Forum Discussion
I came up through commercial cleaning sales before starting my lawn care company, and the approach that's worked for me in both is the opposite of pitching the big number upfront: get a small commitment first, deliver visible results, then offer the next logical step.
Concrete example from my world. I do lawn restoration. If a prospect hears "$2,000–3,000 to revive your lawn" in the first conversation, I lose them — the number is too big before they trust me. So I don't sell the destination, I sell the obvious first step. They've got weeds? "Step one is treating the weeds. Once that's handled, we can talk about top dressing and overseeding to rebuild the soil." That's a commitment they can say yes to easily, and now they're a client watching results show up on their own lawn.
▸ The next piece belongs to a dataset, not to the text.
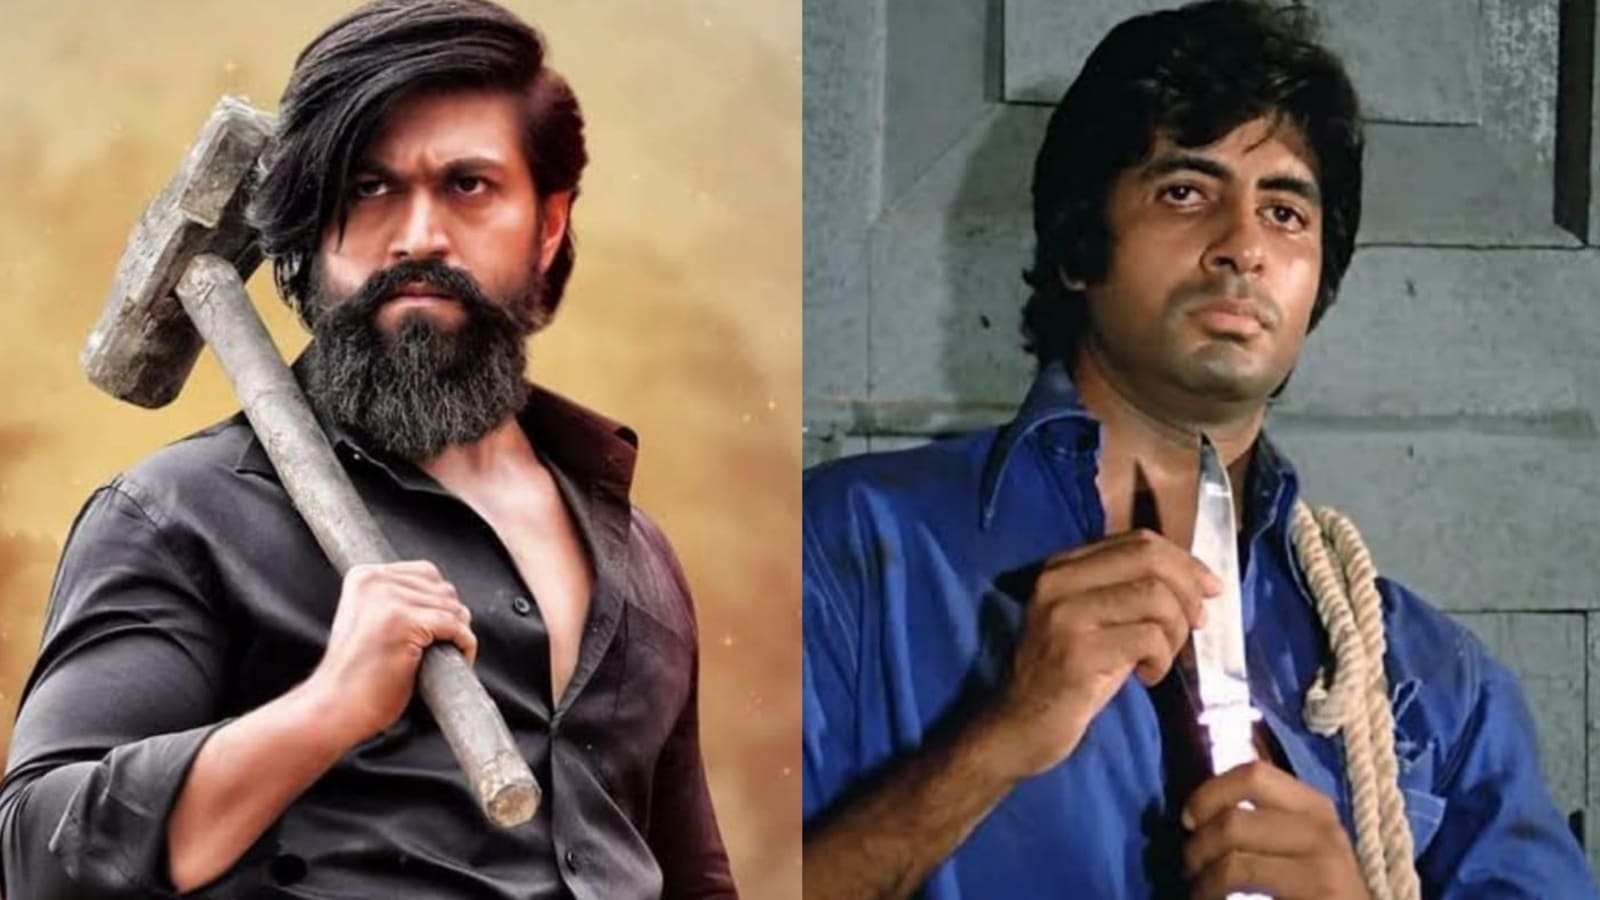 Producer Vijay Kiragandur says Yash likely to be replaced in 'KGF' franchise

The add-on part happens at the point of service, not in a sales call. I show up already booked and paid for the job, and I'll mention it casually: "Would you like to add humic products today to boost the soil further? Totally optional — happy to do it while I'm here." No pressure, no pitch, just an option while the value of my work is sitting right in front of them. They can take it or leave it, and a surprising number take it.
Two things make this work. First, each step has to make sense on its own — you're not manipulating a sequence, you're solving their problem in the logical order. Second, qualify your market. This approach lands with clients who have budget for ongoing improvement; if someone is price-shopping the cheapest option, no upsell technique fixes that. Know who you're selling to before you worry about how.